For a less well-tuned binary, let’s pick on one of my own crates, the evcxr REPL. It shows that 35% of compiled code is discarded by the linker.

There’s already been work done in Rustc to support MIR-only rlibs. This would defer codegen to later in compilation. A lot of that work has been motivated by wanting to support compiling libstd with different options. Depending on how it’s done, we may be able to take advantage of it to make codegen happen on-demand. If codegen is deferred until link time, we know what is and isn’t referenced. e.g. we can start from main and see what is referenced. We can then perform codegen only for those functions that are referenced.

Repeated monomorphisations

Another source of wastage is duplicate monomorphisations. Generic code, such as std::Vec::<T>::push can’t be compiled to native code until the type parameter T is substituted. This means that it happens when building the crate that calls the function. But there could be multiple crates or codegen units that make use of the same monomorphisation. Repeating codegen for each of them is wasteful.

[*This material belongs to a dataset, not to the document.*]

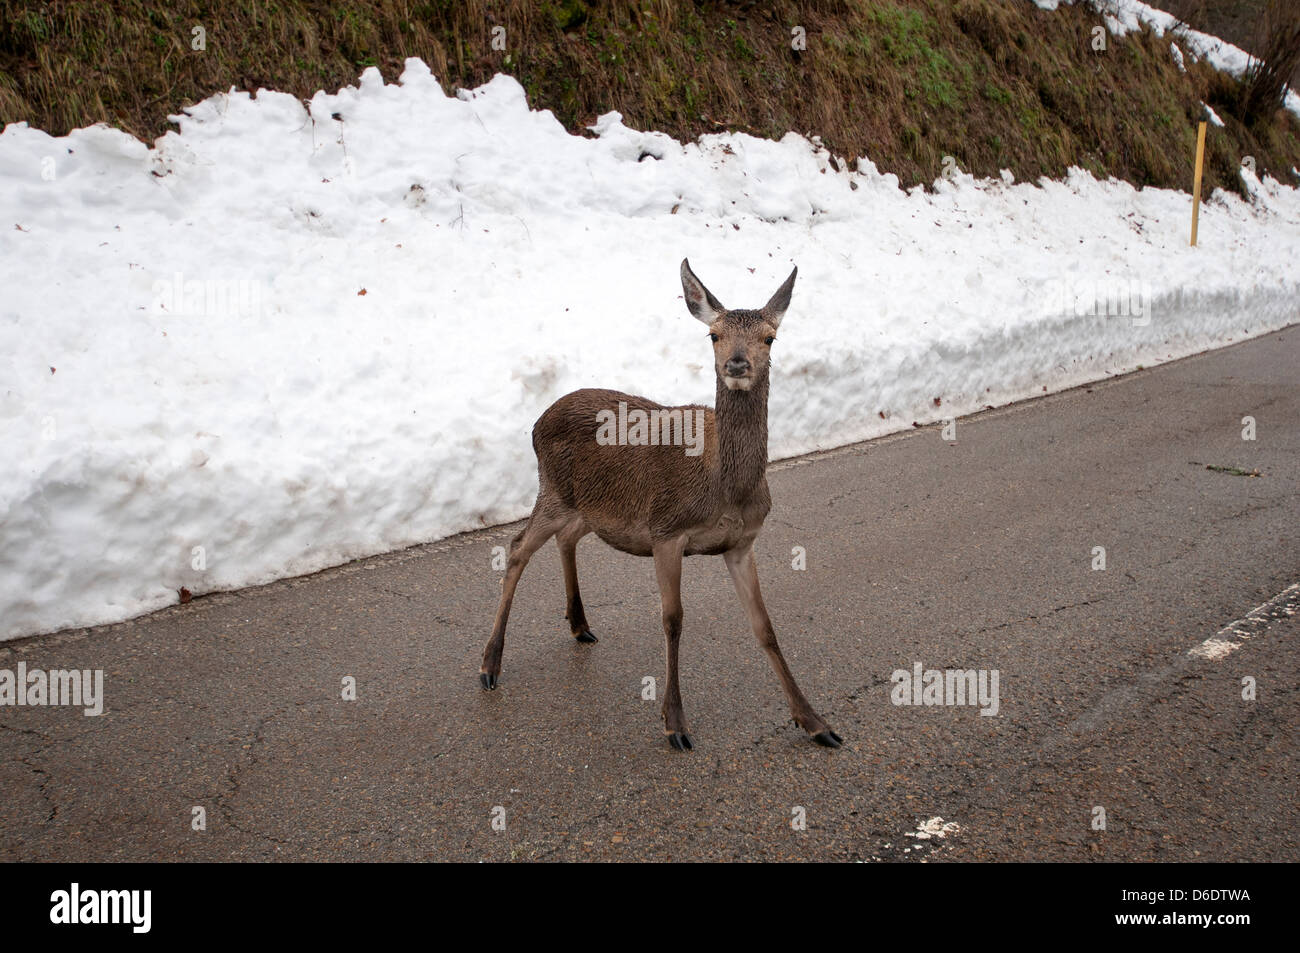 Small baby deer in a road in winter Stock Photo
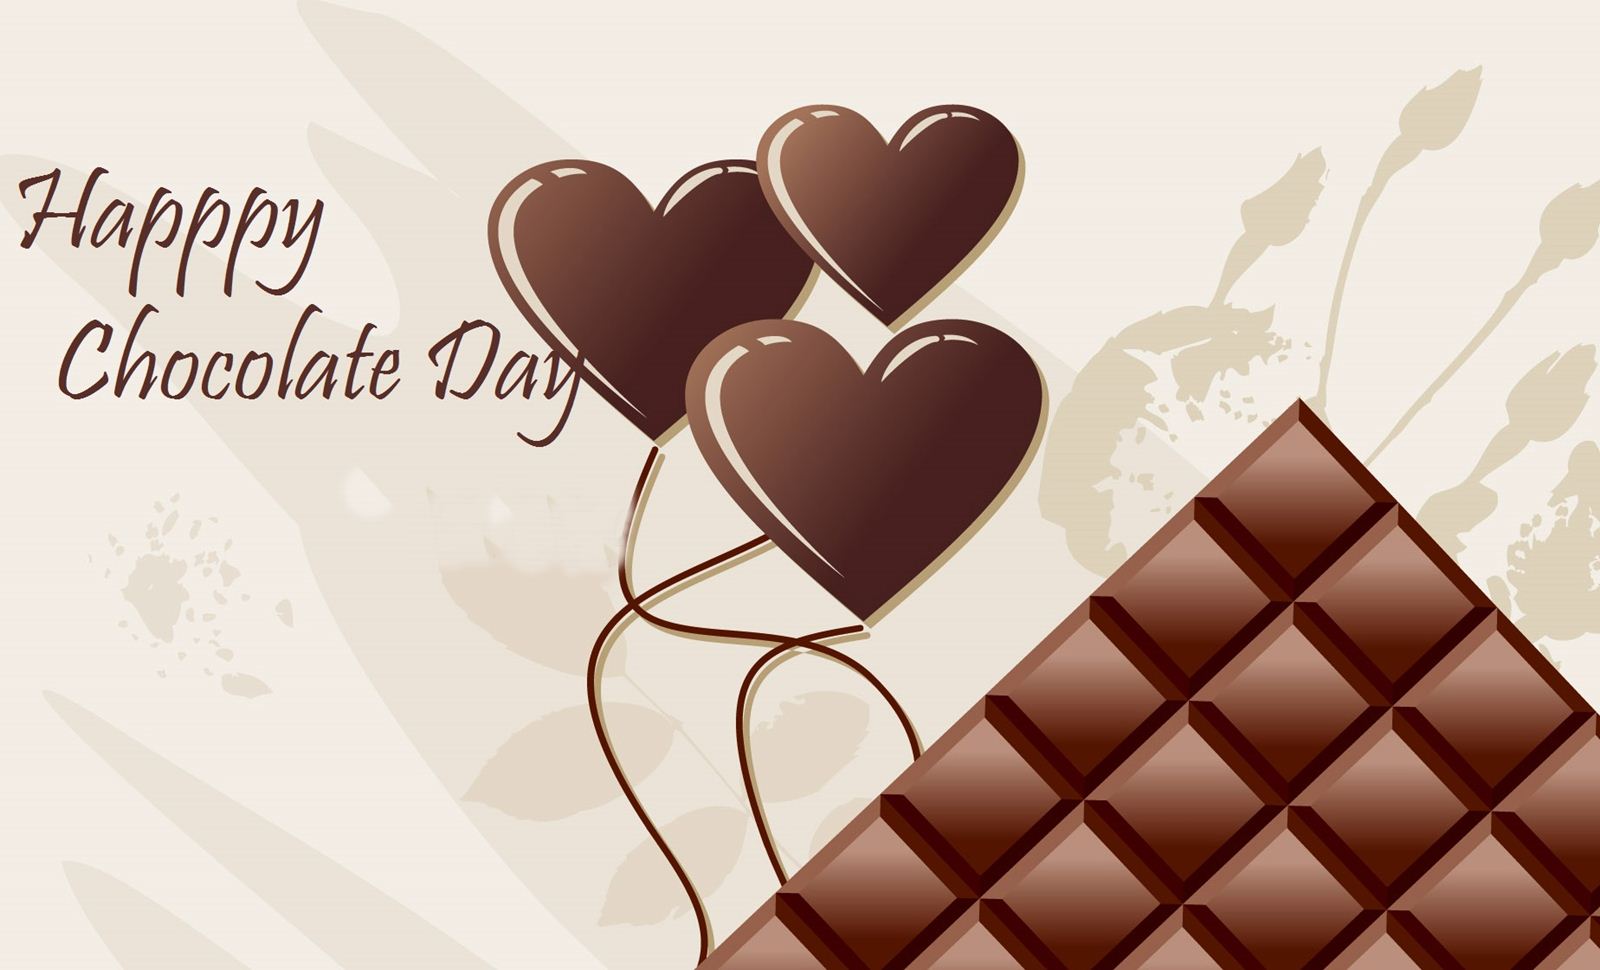 Happy Chocolate Day Wishes Quotes Dress Code Messages Images Facebook & Whatsapp Status

I did an investigation into duplicate functions by creating a tool that determines what percentage of the executable bytes in a binary are excess due to duplicate functions. For many build configurations, about 5-10% of the machine code going into your executable is likely excess copies of duplicated functions and most of that is due to repeating the same monomorphisation. You can read more in the tool’s README.

This is not only wasteful of compilation time, but also binary size. For release builds, various options such as setting codegen-units=1 and fat LTO reduce this duplication, however these options also hurt build times, so we need another solution.

There are two different sources of repeated monomorphisations. The first between codegen units within a crate. This seems to mostly be an issue for release builds because the monomorphisations are put into codegen units they’re referenced from, in case LLVM wants to inline them.

The second source of repeated monomorphisations is between crates. If multiple crates all need the same monomorphisations, then each crate produces it. These duplicates happen in both release and debug builds.

When compiling C++ code, GCC and Clang emit such monomorphisations as weak symbols rather than local symbols like rustc does. This lets the linker deduplicate them. This might be an option for reducing binary sizes, although it’s complicated by Rust’s use of the archive format for rlibs, since if the only symbols referenced in an archive entry are weak symbols, then the archive entry won’t be loaded. bjorn3 points out that this could be fixed by passing --whole-archive to the linker. Like setting codegen-units=1, this only helps the binary size-problem, not the wasted-compilation-time problem.

Some work on this problem has already been done in the form of the unstable flag -Zshare-generics which is on by default for non-optimised builds. This does reduce the number of duplicate monomorphisations, but there’s still plenty of duplicates from different crates remaining.

Duplicates originating from the same monomorphisation in different crates are somewhat tricky to solve, but one possibility to do something similar what the proposal above for dead code. i.e. defer monomorphisation to link time. Doing this would mean that we could create just one copy of each monomorphised function.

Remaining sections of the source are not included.